Segment Open

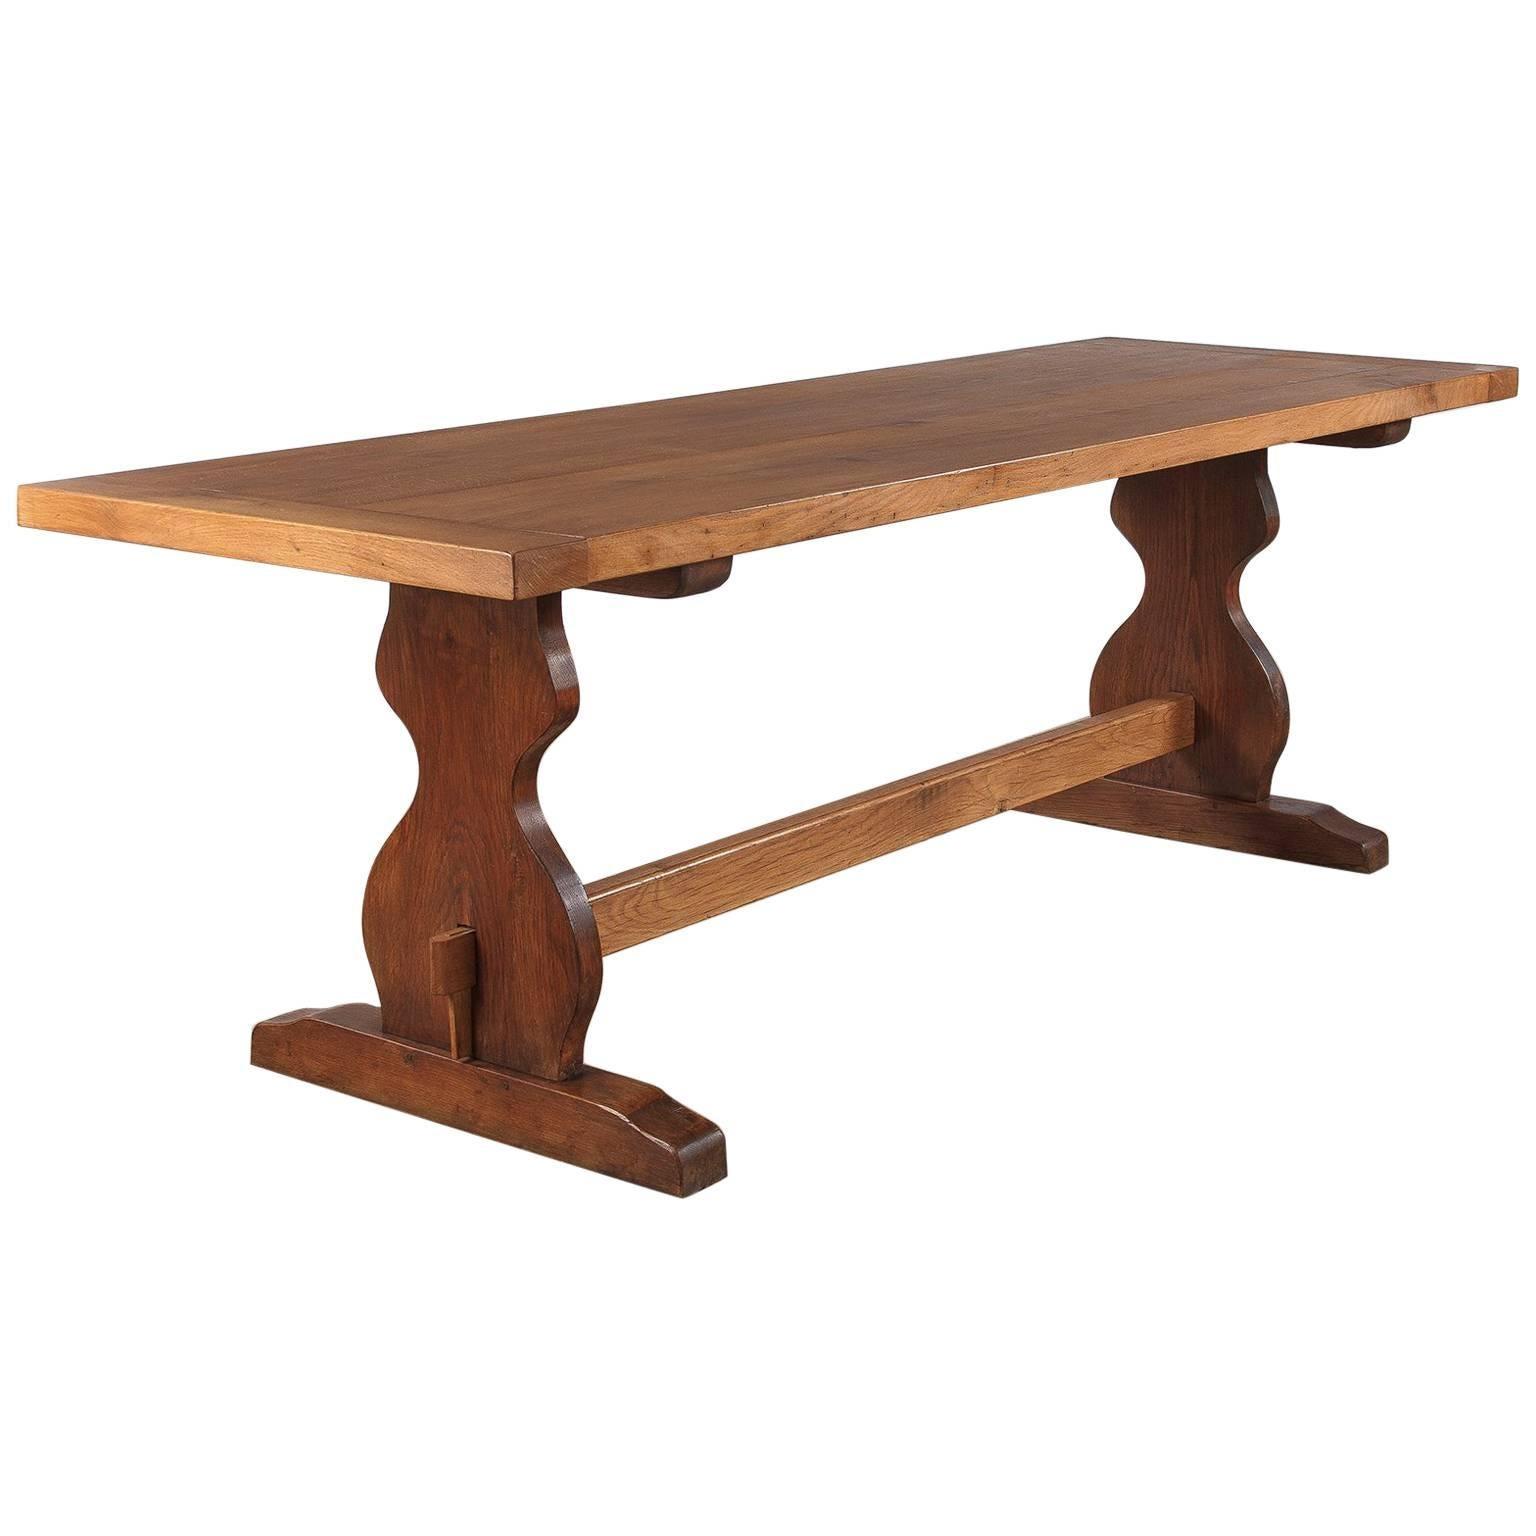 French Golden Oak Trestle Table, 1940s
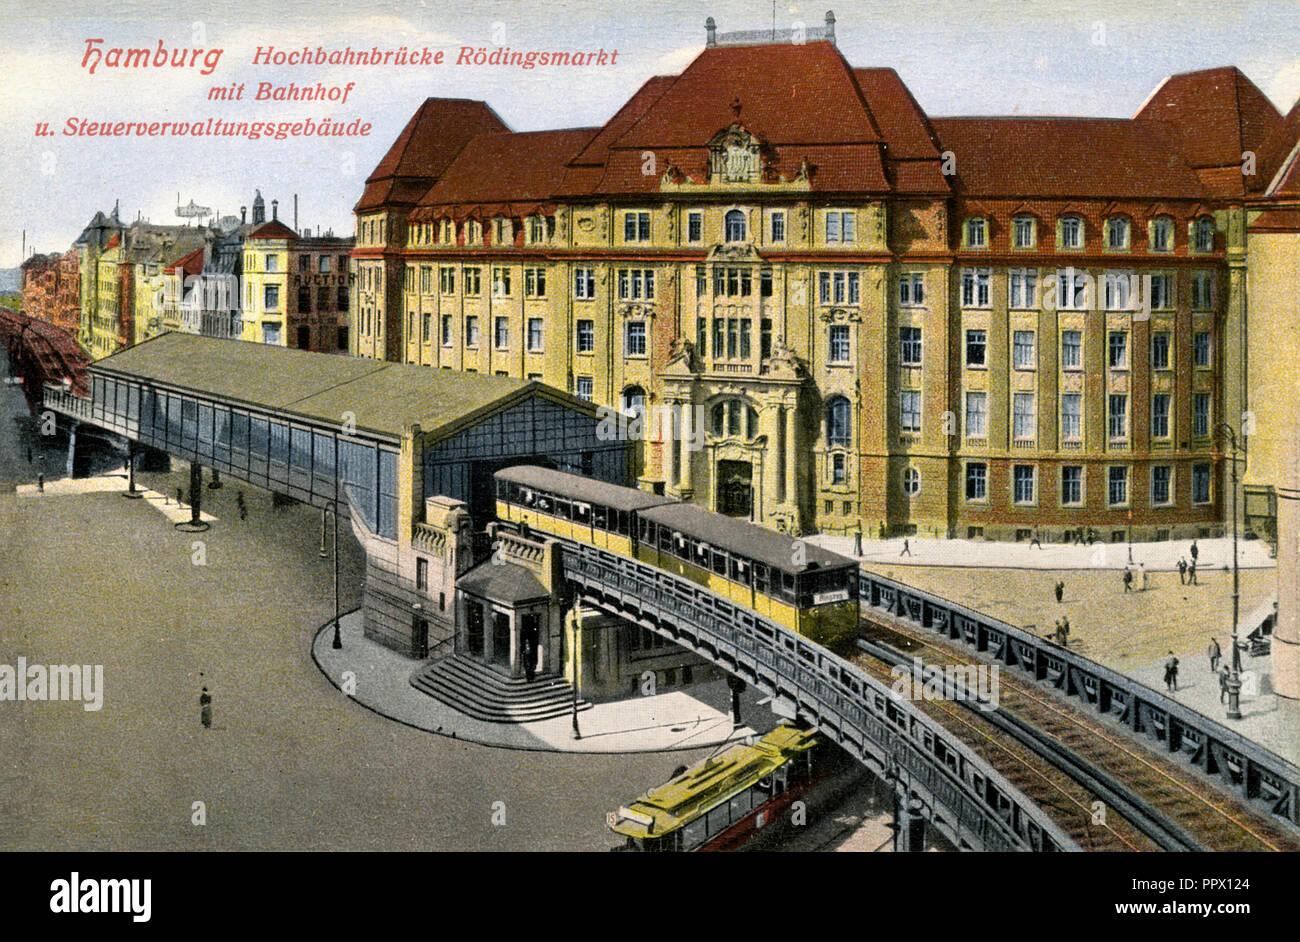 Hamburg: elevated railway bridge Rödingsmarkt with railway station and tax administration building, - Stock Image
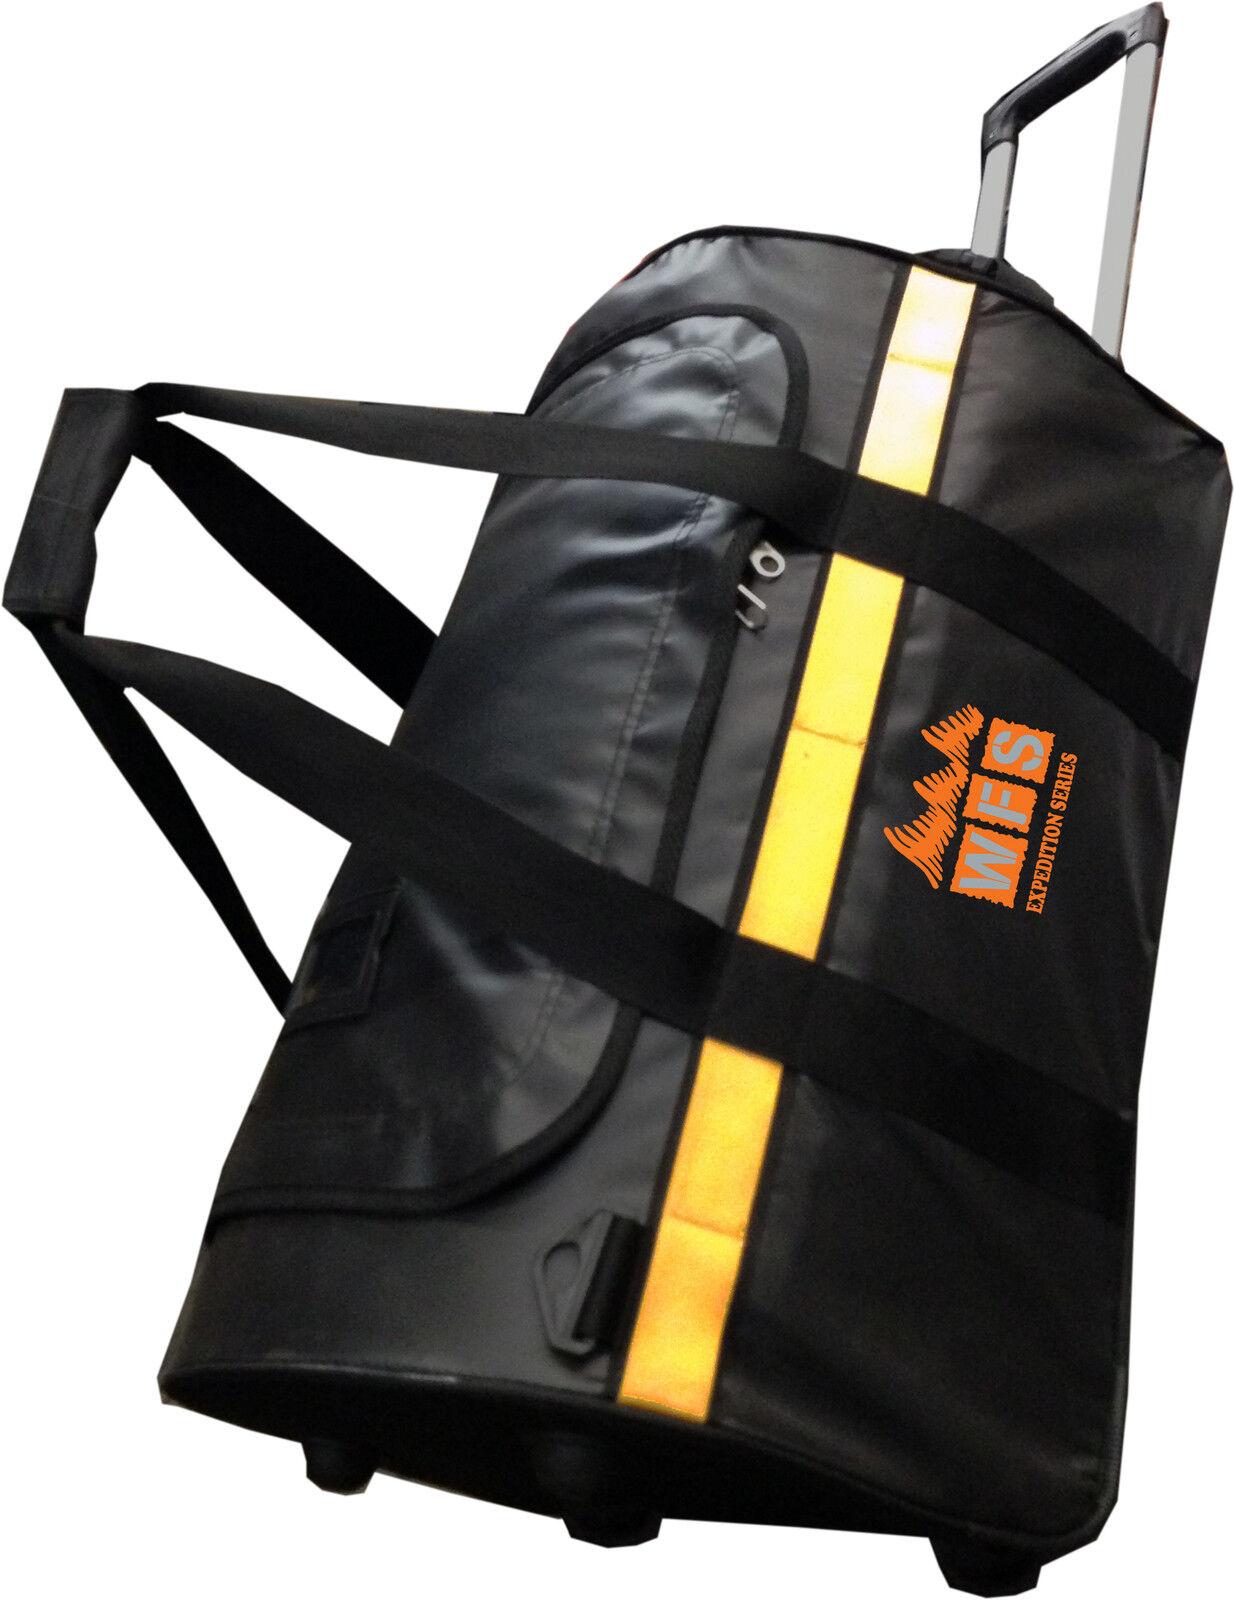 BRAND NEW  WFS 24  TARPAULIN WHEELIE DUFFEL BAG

Segment Closed

- **What you will do**
Every line of the listing should be repeated exactly; no picture should appear.

- **Task response**
 French Golden Oak Trestle Table, 1940s
 Hamburg: elevated railway bridge Rödingsmarkt with railway station and tax administration building, - Stock Image
 BRAND NEW  WFS 24  TARPAULIN WHEELIE DUFFEL BAG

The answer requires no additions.